Saved data entries:
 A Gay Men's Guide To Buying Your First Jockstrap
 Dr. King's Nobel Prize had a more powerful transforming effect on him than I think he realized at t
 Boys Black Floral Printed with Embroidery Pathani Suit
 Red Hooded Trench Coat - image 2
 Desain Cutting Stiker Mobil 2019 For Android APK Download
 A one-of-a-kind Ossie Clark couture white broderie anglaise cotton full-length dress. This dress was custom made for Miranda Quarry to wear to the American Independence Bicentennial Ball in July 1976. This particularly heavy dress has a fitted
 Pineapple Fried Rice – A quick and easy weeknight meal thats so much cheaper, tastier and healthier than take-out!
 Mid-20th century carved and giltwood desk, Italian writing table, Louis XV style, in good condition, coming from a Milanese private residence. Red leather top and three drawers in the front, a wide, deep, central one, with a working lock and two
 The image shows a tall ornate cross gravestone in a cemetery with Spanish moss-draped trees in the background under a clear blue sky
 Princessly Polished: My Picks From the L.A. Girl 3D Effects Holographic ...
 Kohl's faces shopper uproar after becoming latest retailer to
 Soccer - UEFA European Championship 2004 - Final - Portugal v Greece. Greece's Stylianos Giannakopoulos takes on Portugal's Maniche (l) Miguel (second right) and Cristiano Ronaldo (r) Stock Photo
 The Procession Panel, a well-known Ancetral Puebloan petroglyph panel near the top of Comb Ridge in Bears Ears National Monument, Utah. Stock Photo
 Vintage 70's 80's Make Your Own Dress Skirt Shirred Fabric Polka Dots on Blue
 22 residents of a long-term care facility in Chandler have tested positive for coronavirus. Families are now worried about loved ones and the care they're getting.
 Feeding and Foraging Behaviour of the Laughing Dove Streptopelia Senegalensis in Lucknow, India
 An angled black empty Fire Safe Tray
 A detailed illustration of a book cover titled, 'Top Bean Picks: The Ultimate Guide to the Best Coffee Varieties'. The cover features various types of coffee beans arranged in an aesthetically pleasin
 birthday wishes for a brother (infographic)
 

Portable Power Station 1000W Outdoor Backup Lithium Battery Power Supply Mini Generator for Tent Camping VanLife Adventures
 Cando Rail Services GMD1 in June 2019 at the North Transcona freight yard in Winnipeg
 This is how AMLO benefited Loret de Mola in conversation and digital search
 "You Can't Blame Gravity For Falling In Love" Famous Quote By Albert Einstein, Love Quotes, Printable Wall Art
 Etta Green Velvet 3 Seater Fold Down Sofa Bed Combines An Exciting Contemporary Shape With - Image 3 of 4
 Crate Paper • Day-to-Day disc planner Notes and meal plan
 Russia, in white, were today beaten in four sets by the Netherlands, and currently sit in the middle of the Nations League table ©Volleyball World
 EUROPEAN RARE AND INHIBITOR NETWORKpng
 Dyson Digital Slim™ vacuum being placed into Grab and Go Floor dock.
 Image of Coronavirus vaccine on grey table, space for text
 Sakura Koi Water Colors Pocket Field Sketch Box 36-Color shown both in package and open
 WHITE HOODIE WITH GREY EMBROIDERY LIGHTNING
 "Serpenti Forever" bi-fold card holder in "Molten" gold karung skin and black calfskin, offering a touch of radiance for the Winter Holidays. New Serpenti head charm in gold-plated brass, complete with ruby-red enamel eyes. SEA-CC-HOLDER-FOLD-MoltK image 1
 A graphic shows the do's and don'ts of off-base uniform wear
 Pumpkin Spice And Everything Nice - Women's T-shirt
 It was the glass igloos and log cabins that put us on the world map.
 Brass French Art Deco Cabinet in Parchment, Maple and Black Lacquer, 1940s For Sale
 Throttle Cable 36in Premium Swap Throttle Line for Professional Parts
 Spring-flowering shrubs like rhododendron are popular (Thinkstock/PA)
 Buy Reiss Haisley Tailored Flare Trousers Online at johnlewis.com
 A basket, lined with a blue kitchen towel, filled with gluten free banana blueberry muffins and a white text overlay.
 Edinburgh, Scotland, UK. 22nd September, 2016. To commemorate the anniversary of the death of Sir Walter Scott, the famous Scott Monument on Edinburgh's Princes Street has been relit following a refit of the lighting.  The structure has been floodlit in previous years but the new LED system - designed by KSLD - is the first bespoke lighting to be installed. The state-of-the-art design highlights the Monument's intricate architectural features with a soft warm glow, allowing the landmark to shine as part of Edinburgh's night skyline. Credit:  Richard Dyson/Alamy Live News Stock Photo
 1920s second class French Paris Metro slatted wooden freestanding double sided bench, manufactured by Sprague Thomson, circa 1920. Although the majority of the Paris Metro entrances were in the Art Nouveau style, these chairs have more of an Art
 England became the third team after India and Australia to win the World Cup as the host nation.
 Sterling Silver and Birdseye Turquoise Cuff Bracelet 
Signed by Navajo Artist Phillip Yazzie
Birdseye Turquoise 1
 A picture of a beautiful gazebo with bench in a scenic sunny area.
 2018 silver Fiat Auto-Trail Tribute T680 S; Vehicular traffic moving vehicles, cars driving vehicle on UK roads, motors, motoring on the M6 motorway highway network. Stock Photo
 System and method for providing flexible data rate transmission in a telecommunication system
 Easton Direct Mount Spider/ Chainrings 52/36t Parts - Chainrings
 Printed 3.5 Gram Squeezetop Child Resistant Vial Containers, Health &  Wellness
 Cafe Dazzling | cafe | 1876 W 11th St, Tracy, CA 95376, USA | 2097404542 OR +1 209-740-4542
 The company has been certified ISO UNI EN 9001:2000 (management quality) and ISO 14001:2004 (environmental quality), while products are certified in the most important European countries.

WHAT IS REQUIRED – Having looked over the entries above, reproduce all of them exactly.

ANSWER BELOW –
 A Gay Men's Guide To Buying Your First Jockstrap
 Dr. King's Nobel Prize had a more powerful transforming effect on him than I think he realized at t
 Boys Black Floral Printed with Embroidery Pathani Suit
 Red Hooded Trench Coat - image 2
 Desain Cutting Stiker Mobil 2019 For Android APK Download
 A one-of-a-kind Ossie Clark couture white broderie anglaise cotton full-length dress. This dress was custom made for Miranda Quarry to wear to the American Independence Bicentennial Ball in July 1976. This particularly heavy dress has a fitted
 Pineapple Fried Rice – A quick and easy weeknight meal thats so much cheaper, tastier and healthier than take-out!
 Mid-20th century carved and giltwood desk, Italian writing table, Louis XV style, in good condition, coming from a Milanese private residence. Red leather top and three drawers in the front, a wide, deep, central one, with a working lock and two
 The image shows a tall ornate cross gravestone in a cemetery with Spanish moss-draped trees in the background under a clear blue sky
 Princessly Polished: My Picks From the L.A. Girl 3D Effects Holographic ...
 Kohl's faces shopper uproar after becoming latest retailer to
 Soccer - UEFA European Championship 2004 - Final - Portugal v Greece. Greece's Stylianos Giannakopoulos takes on Portugal's Maniche (l) Miguel (second right) and Cristiano Ronaldo (r) Stock Photo
 The Procession Panel, a well-known Ancetral Puebloan petroglyph panel near the top of Comb Ridge in Bears Ears National Monument, Utah. Stock Photo
 Vintage 70's 80's Make Your Own Dress Skirt Shirred Fabric Polka Dots on Blue
 22 residents of a long-term care facility in Chandler have tested positive for coronavirus. Families are now worried about loved ones and the care they're getting.
 Feeding and Foraging Behaviour of the Laughing Dove Streptopelia Senegalensis in Lucknow, India
 An angled black empty Fire Safe Tray
 A detailed illustration of a book cover titled, 'Top Bean Picks: The Ultimate Guide to the Best Coffee Varieties'. The cover features various types of coffee beans arranged in an aesthetically pleasin
 birthday wishes for a brother (infographic)
 

Portable Power Station 1000W Outdoor Backup Lithium Battery Power Supply Mini Generator for Tent Camping VanLife Adventures
 Cando Rail Services GMD1 in June 2019 at the North Transcona freight yard in Winnipeg
 This is how AMLO benefited Loret de Mola in conversation and digital search
 "You Can't Blame Gravity For Falling In Love" Famous Quote By Albert Einstein, Love Quotes, Printable Wall Art
 Etta Green Velvet 3 Seater Fold Down Sofa Bed Combines An Exciting Contemporary Shape With - Image 3 of 4
 Crate Paper • Day-to-Day disc planner Notes and meal plan
 Russia, in white, were today beaten in four sets by the Netherlands, and currently sit in the middle of the Nations League table ©Volleyball World
 EUROPEAN RARE AND INHIBITOR NETWORKpng
 Dyson Digital Slim™ vacuum being placed into Grab and Go Floor dock.
 Image of Coronavirus vaccine on grey table, space for text
 Sakura Koi Water Colors Pocket Field Sketch Box 36-Color shown both in package and open
 WHITE HOODIE WITH GREY EMBROIDERY LIGHTNING
 "Serpenti Forever" bi-fold card holder in "Molten" gold karung skin and black calfskin, offering a touch of radiance for the Winter Holidays. New Serpenti head charm in gold-plated brass, complete with ruby-red enamel eyes. SEA-CC-HOLDER-FOLD-MoltK image 1
 A graphic shows the do's and don'ts of off-base uniform wear
 Pumpkin Spice And Everything Nice - Women's T-shirt
 It was the glass igloos and log cabins that put us on the world map.
 Brass French Art Deco Cabinet in Parchment, Maple and Black Lacquer, 1940s For Sale
 Throttle Cable 36in Premium Swap Throttle Line for Professional Parts
 Spring-flowering shrubs like rhododendron are popular (Thinkstock/PA)
 Buy Reiss Haisley Tailored Flare Trousers Online at johnlewis.com
 A basket, lined with a blue kitchen towel, filled with gluten free banana blueberry muffins and a white text overlay.
 Edinburgh, Scotland, UK. 22nd September, 2016. To commemorate the anniversary of the death of Sir Walter Scott, the famous Scott Monument on Edinburgh's Princes Street has been relit following a refit of the lighting.  The structure has been floodlit in previous years but the new LED system - designed by KSLD - is the first bespoke lighting to be installed. The state-of-the-art design highlights the Monument's intricate architectural features with a soft warm glow, allowing the landmark to shine as part of Edinburgh's night skyline. Credit:  Richard Dyson/Alamy Live News Stock Photo
 1920s second class French Paris Metro slatted wooden freestanding double sided bench, manufactured by Sprague Thomson, circa 1920. Although the majority of the Paris Metro entrances were in the Art Nouveau style, these chairs have more of an Art
 England became the third team after India and Australia to win the World Cup as the host nation.
 Sterling Silver and Birdseye Turquoise Cuff Bracelet 
Signed by Navajo Artist Phillip Yazzie
Birdseye Turquoise 1
 A picture of a beautiful gazebo with bench in a scenic sunny area.
 2018 silver Fiat Auto-Trail Tribute T680 S; Vehicular traffic moving vehicles, cars driving vehicle on UK roads, motors, motoring on the M6 motorway highway network. Stock Photo
 System and method for providing flexible data rate transmission in a telecommunication system
 Easton Direct Mount Spider/ Chainrings 52/36t Parts - Chainrings
 Printed 3.5 Gram Squeezetop Child Resistant Vial Containers, Health &  Wellness
 Cafe Dazzling | cafe | 1876 W 11th St, Tracy, CA 95376, USA | 2097404542 OR +1 209-740-4542
 The company has been certified ISO UNI EN 9001:2000 (management quality) and ISO 14001:2004 (environmental quality), while products are certified in the most important European countries.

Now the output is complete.